• [EXERCISE AIM]
Return exactly the lines of the entries that start at the line containing "GIRO CINDER MIPS" and continue to the last line. Omit the pictures.

Start of INPUT FOR THIS TASK

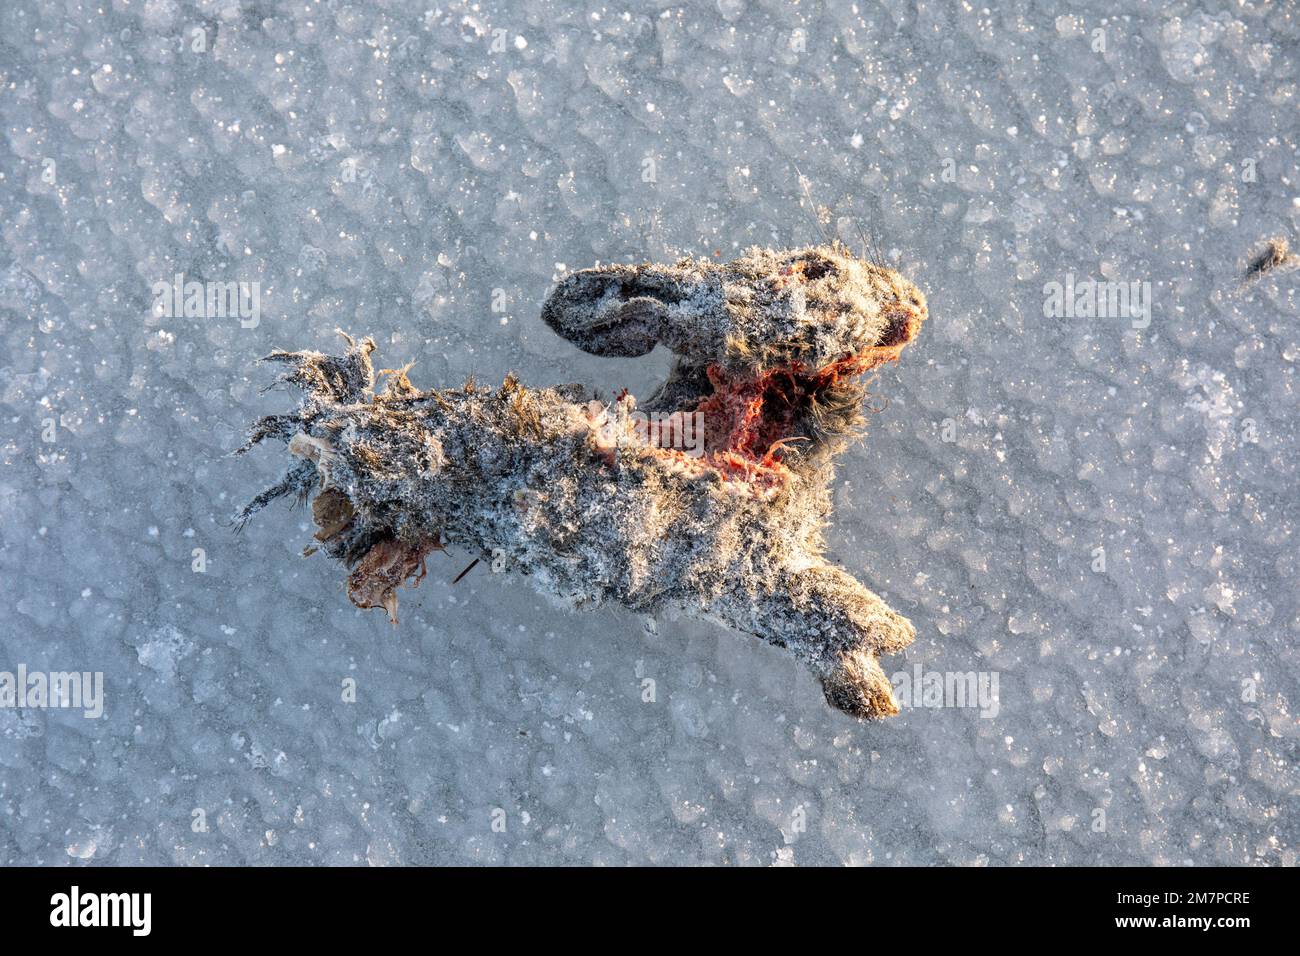 Frozen and partly eaten juvenile European rabbit or Oryctolagus cuniculus on ice Stock Photo
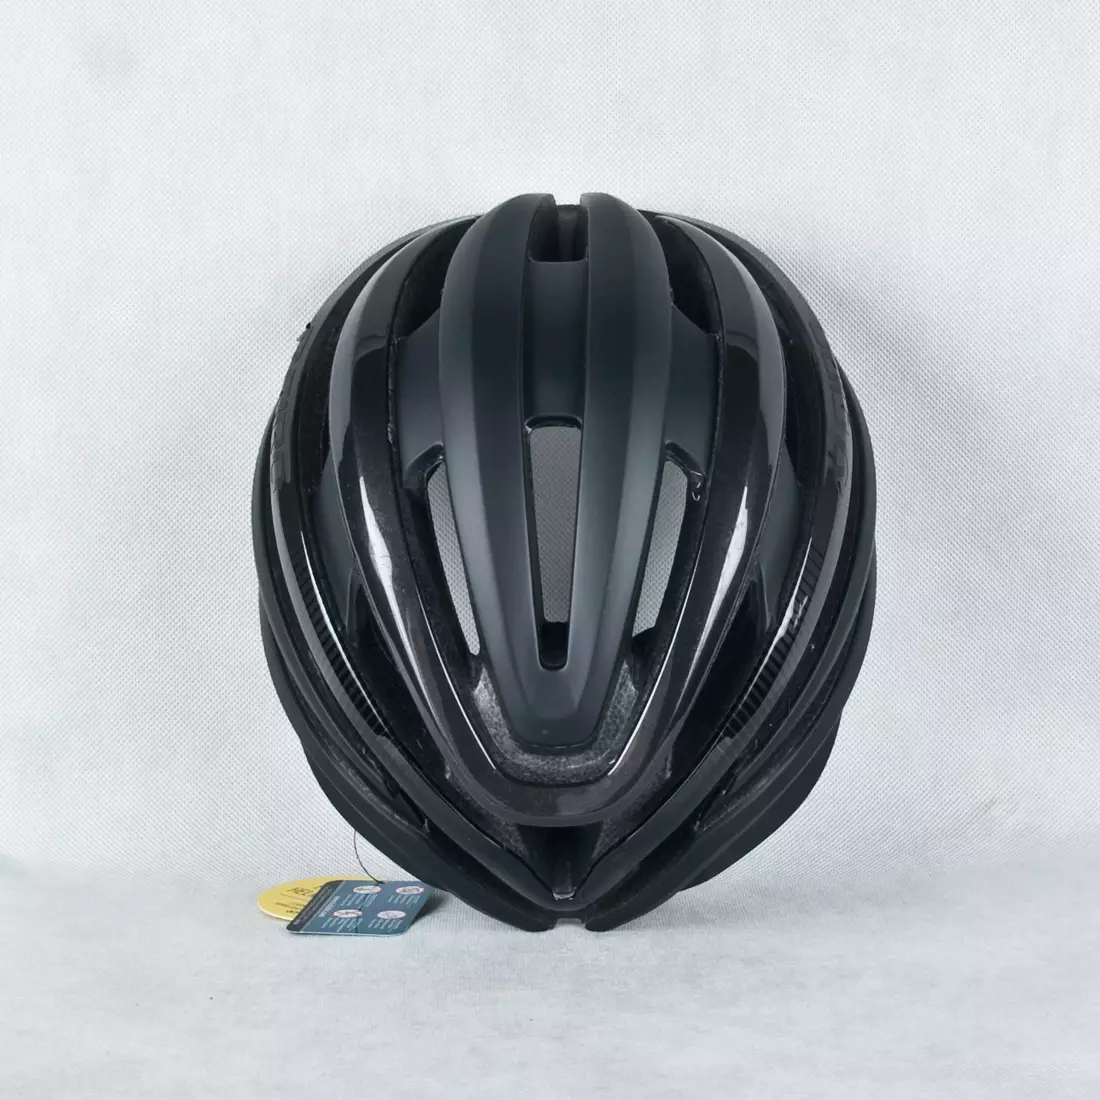 GIRO CINDER MIPS - fekete matt kerékpáros sisak
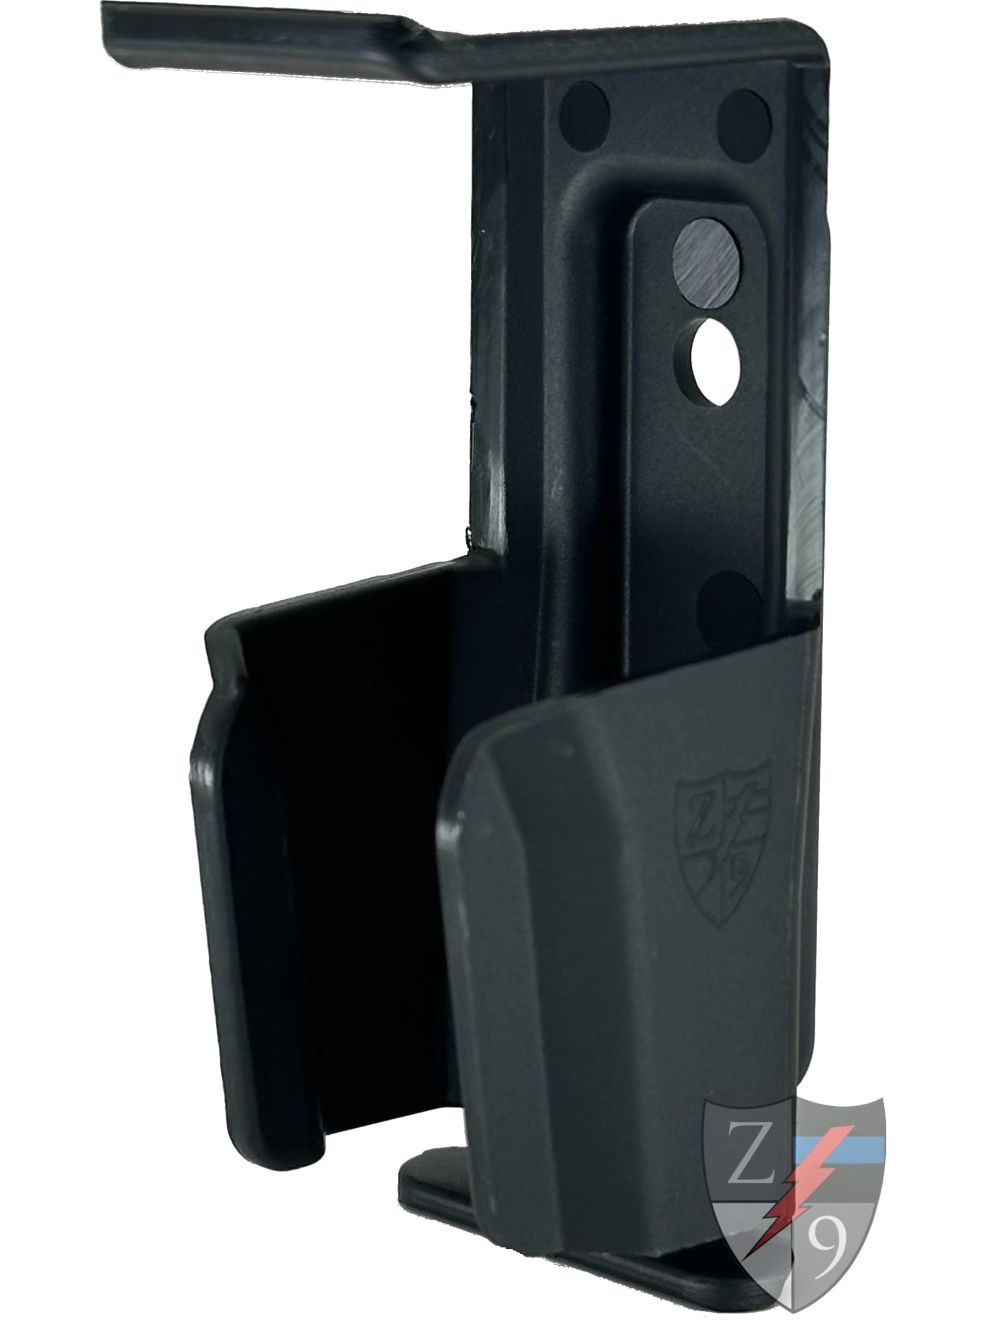 Zero9 Taser Cartridge Case / Taser 7 Cartridge
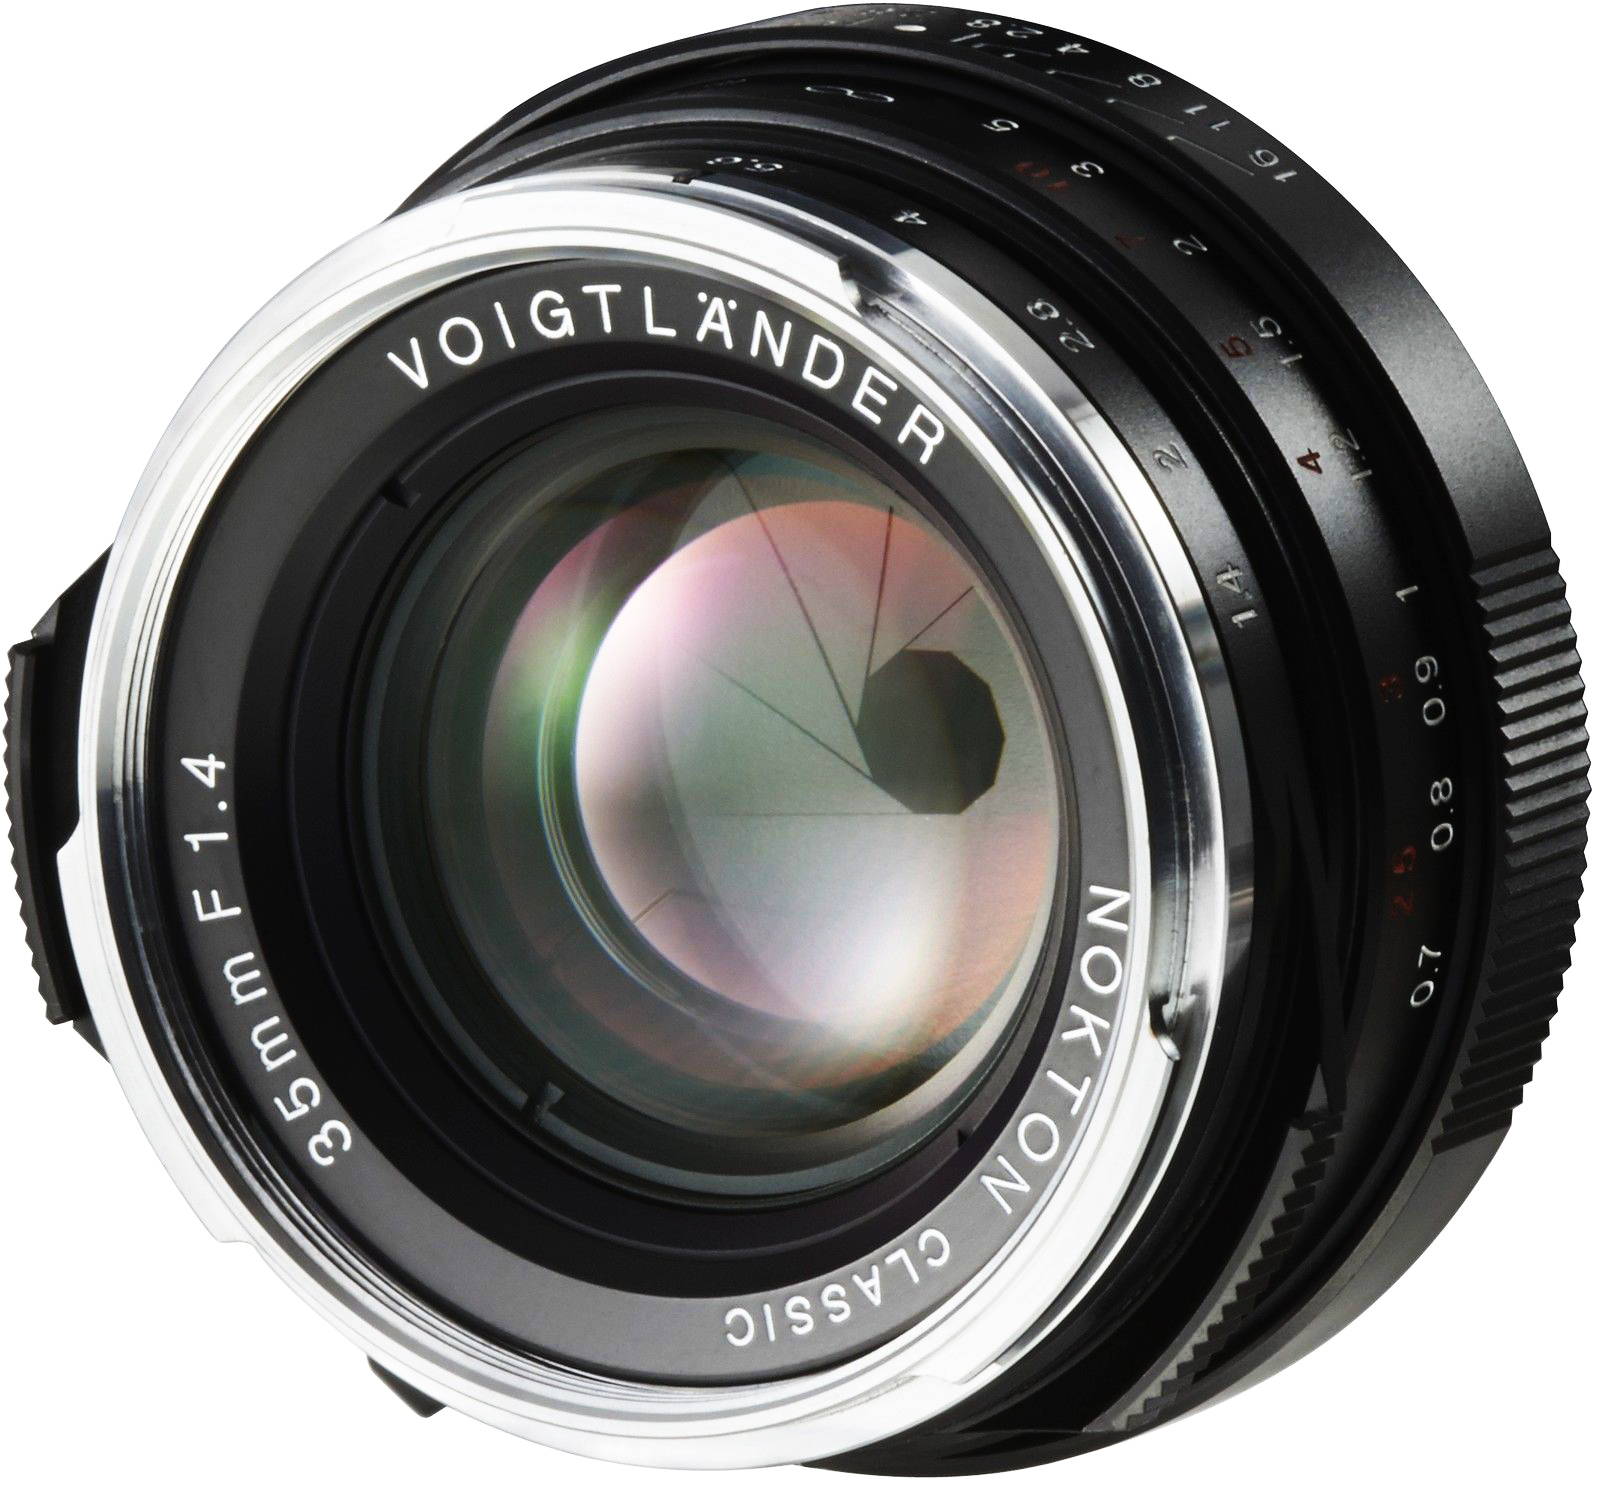 Voigtlander(フォクトレンダー)の単焦点レンズなど計9点を
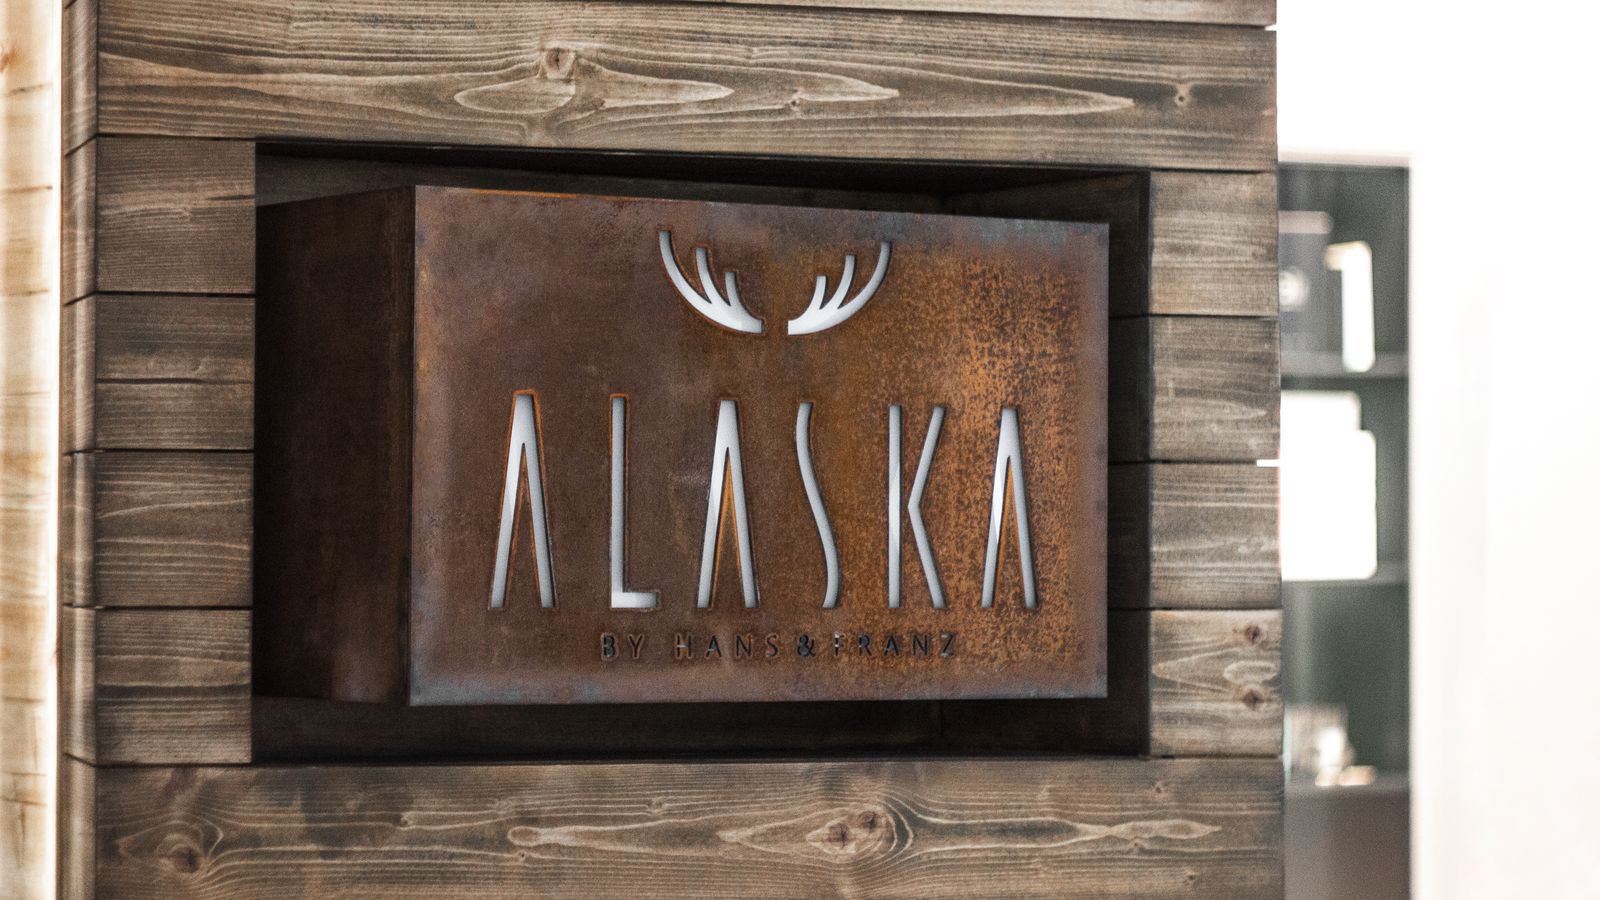 Alaska by Hans and Franz custom interior logo sign made of aluminum and acrylic for branding

End of INPUT FOR THIS TASK

• [COMPLETED EXERCISE]
 GIRO CINDER MIPS - fekete matt kerékpáros sisak
 Zero9 Taser Cartridge Case / Taser 7 Cartridge
 Voigtlander(フォクトレンダー)の単焦点レンズなど計9点を
 Alaska by Hans and Franz custom interior logo sign made of aluminum and acrylic for branding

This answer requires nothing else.